# 2x4 or 2x6 for cabin/sauna



## CritskyCritter (Jul 22, 2014)

What are the pros an cons of using 2x6 instead of 2x4 (besides cost of the boards)


Step #1; buy the land


----------



## nebo (Dec 16, 2013)

Insulation value and strength. Mine is 2x4 and if you watch any pay attention how you heat the cabin 2x4 would do you just fine, I believe using 2x6 is over rated. That is just my 2 cents.


----------



## jwal10 (Jun 5, 2010)

For your climate, I would use 2"x6". Of course if you don't build the rest to save energy, it does no good. Good windows and insulation under floors, in walls and ceiling. Insulation and material upgrades can be cheap compared to cost of heating, best do it now than wish you did or have to retrofit. What you use for energy to heat will make some difference also, hard cash or resources and time. Many places, code dictates 2'x6". Comfort as you age can be important....James


----------



## Gray Wolf (Jan 25, 2013)

You should check with somebody who knows but I think UBC requires 2x6, among other things, so even if you don't get a building permit, your bank and/or insurance company may want it built to an adopted code (or whoever you sell it to someday). 

Many on here make much of not building to code but I'm a coward. If anything happens to our place, I want the ashes to meet codes and not give them an excuse to not pay my claim. We have 4 neighbors - two of us built with permits, the other two built with no permits but did build to code. None of us got a bank loan and nobody has had an insurance claim or sold their place yet - so it will be interesting to see if codes matter.


----------



## just_sawing (Jan 15, 2006)

The mafia of wood codes have pretty well got all of the US to set a standard that requires 2X6 construction. There are some that have opted out (Cannon County TN has). This is also for even Log homes. They base it on energy efficiency.


----------



## logbuilder (Jan 31, 2006)

I don't see how 2x4 with lots of insulation can out perform 2x6 with lots of insulation. It also gives pipes in the walls more room for insulation. For exterior walls, I'm in the 2x6 camp.

ETA: My house is built with logs so dimensional measurements don't translate well.
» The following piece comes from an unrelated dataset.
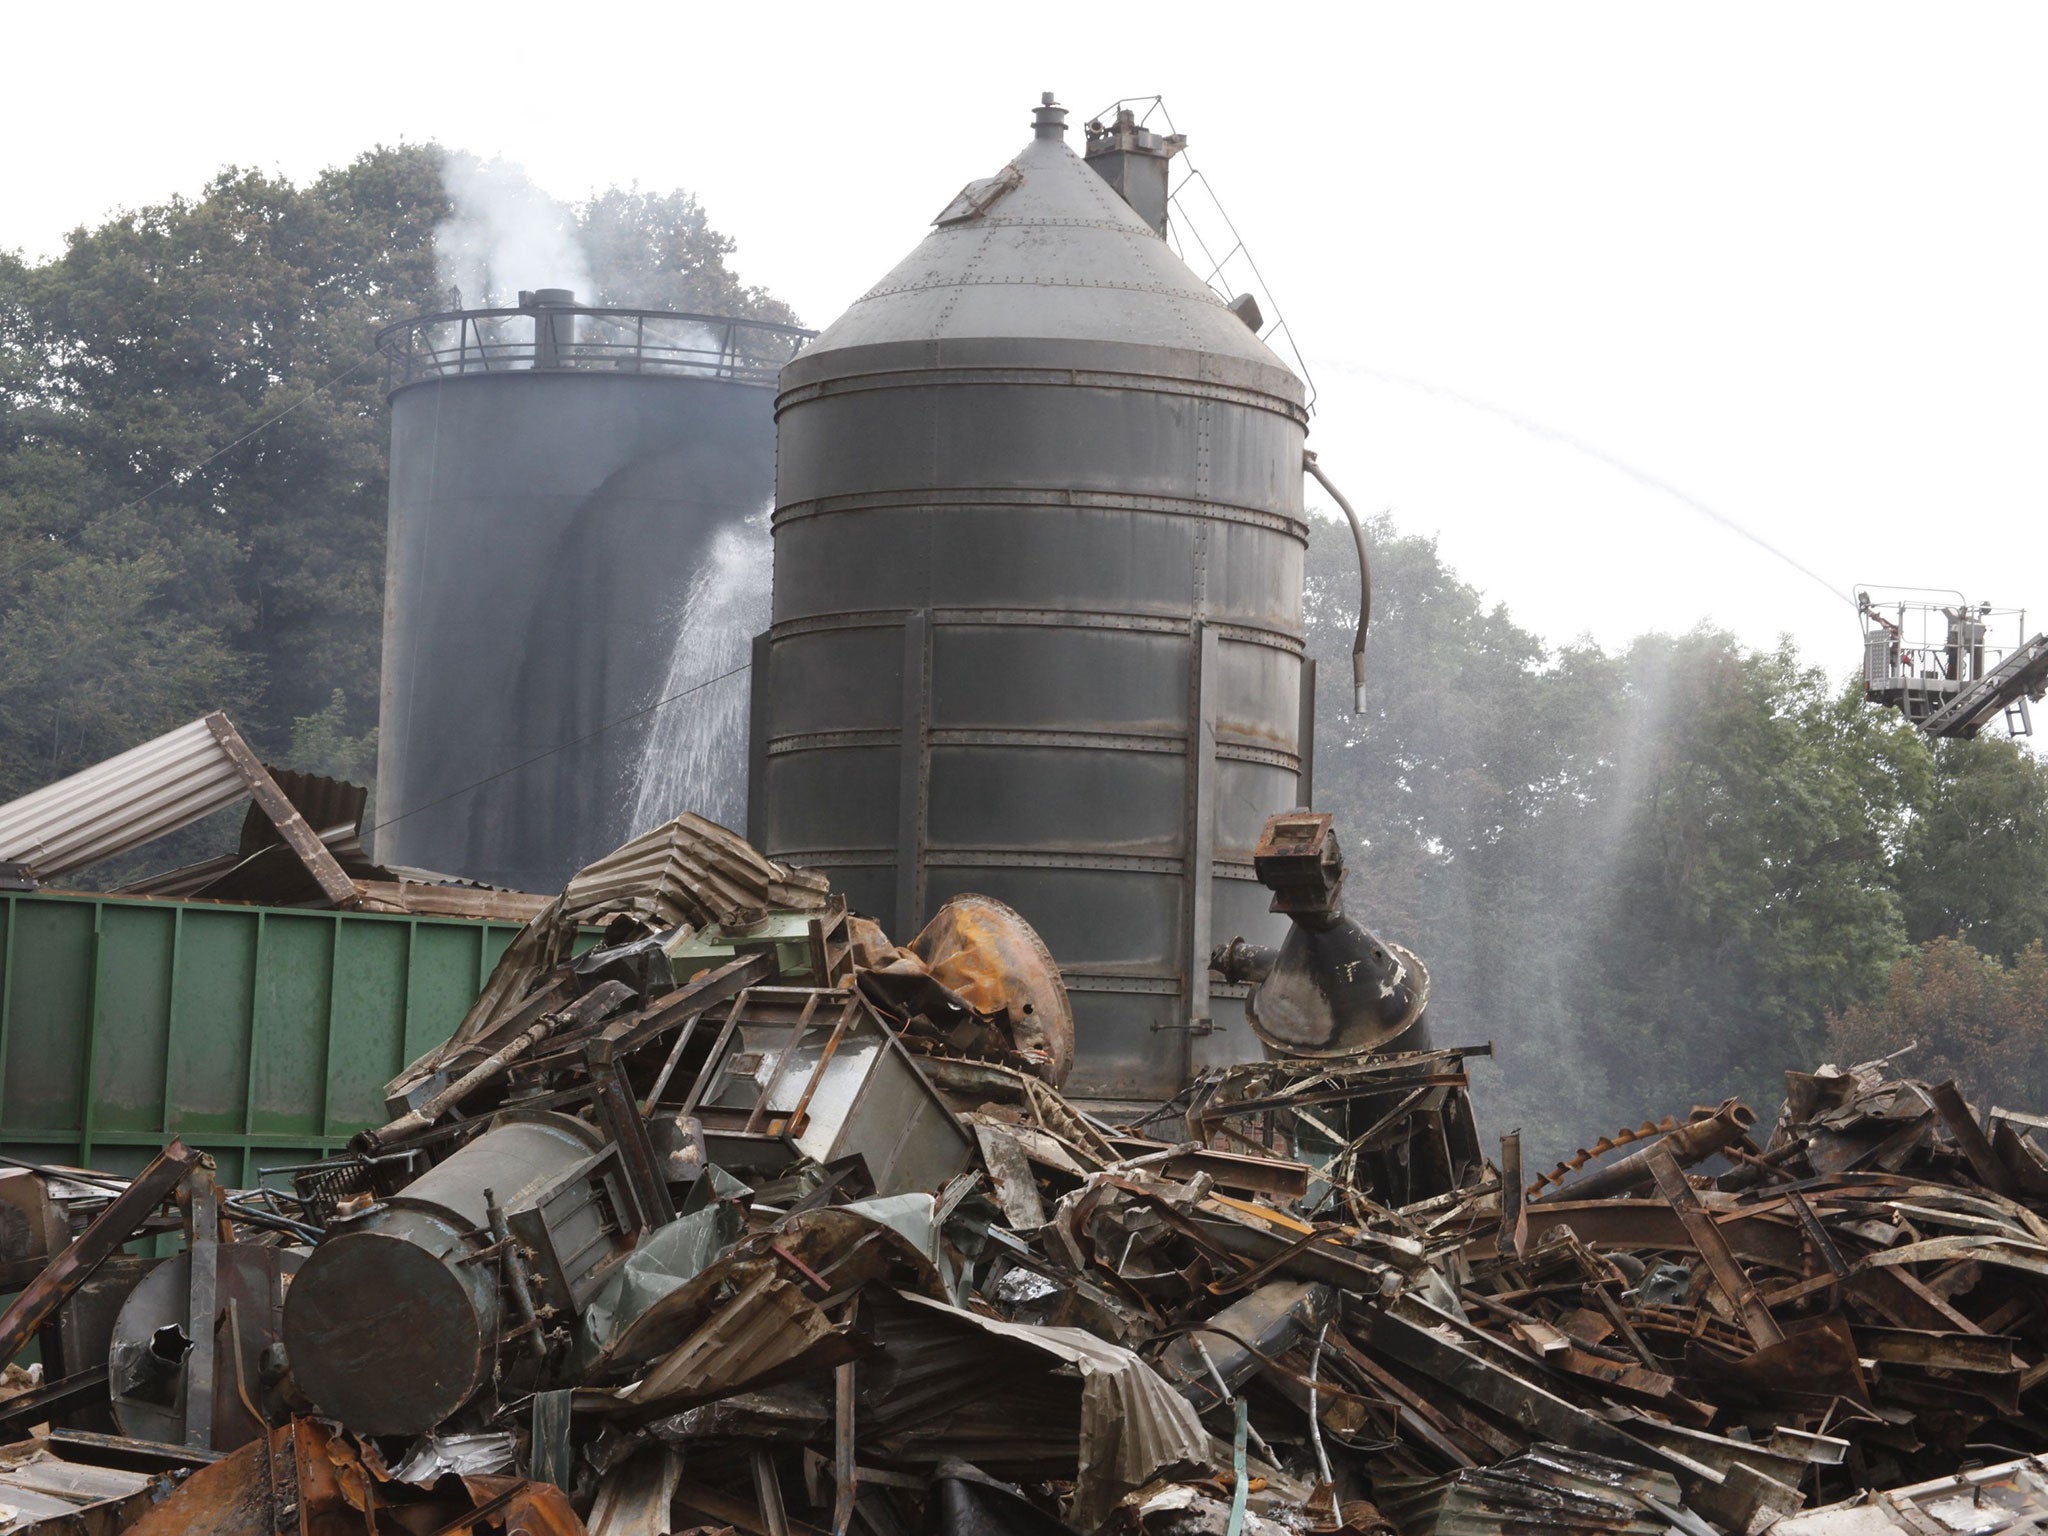 The aftermath following the huge explosion at the Wood Treatment Limited plant in the village of Bosley, Cheshire

My second floor is traditional and it is all 2x6.


----------



## PlicketyCat (Jul 14, 2010)

In addition to added insulation ability, you can safely use 24" spacing with 2x6s rather than 16" spacing with 2x4s, which can reduce overall lumber required and make the cost of building nearly identical.

The added depth increases the buckling strength, so 2x6s are safer when building two stories or to support a heavy roof.

On our 'stead, we use 2x4 for unconditioned, small, lightweight buildings like sheds and semi-portable animal housing; and use 2x6 (or larger) for conditioned, large, heavy-duty buildings like the cabin, garage and barn.


----------



## bryant (Aug 8, 2014)

CritskyCritter said:


> What are the pros an cons of using 2x6 instead of 2x4 (besides cost of the boards)
> 
> 
> Step #1; buy the land


Pros: thicker walls equal thicker insulation capability, wider stud spacing, most codes in the north of the USA these days specify 2x6 wall construction, easier to run electric wires, etc. and not loose much insulating capacity. 

Cons: Lumber costs are a little higher, but this is offset with the ability to use 24" spacing, if you so desire. 

It is easier to build a quality, low energy cost home with 2x6 to 2x8 framing. 2x4 stud walls are never going to perform as well since they can not hold the same amount of insulation. The wider the stud wall, the more you can run electric wires, water lines etc. in the walls without loosing much R value if any is lost at all.


----------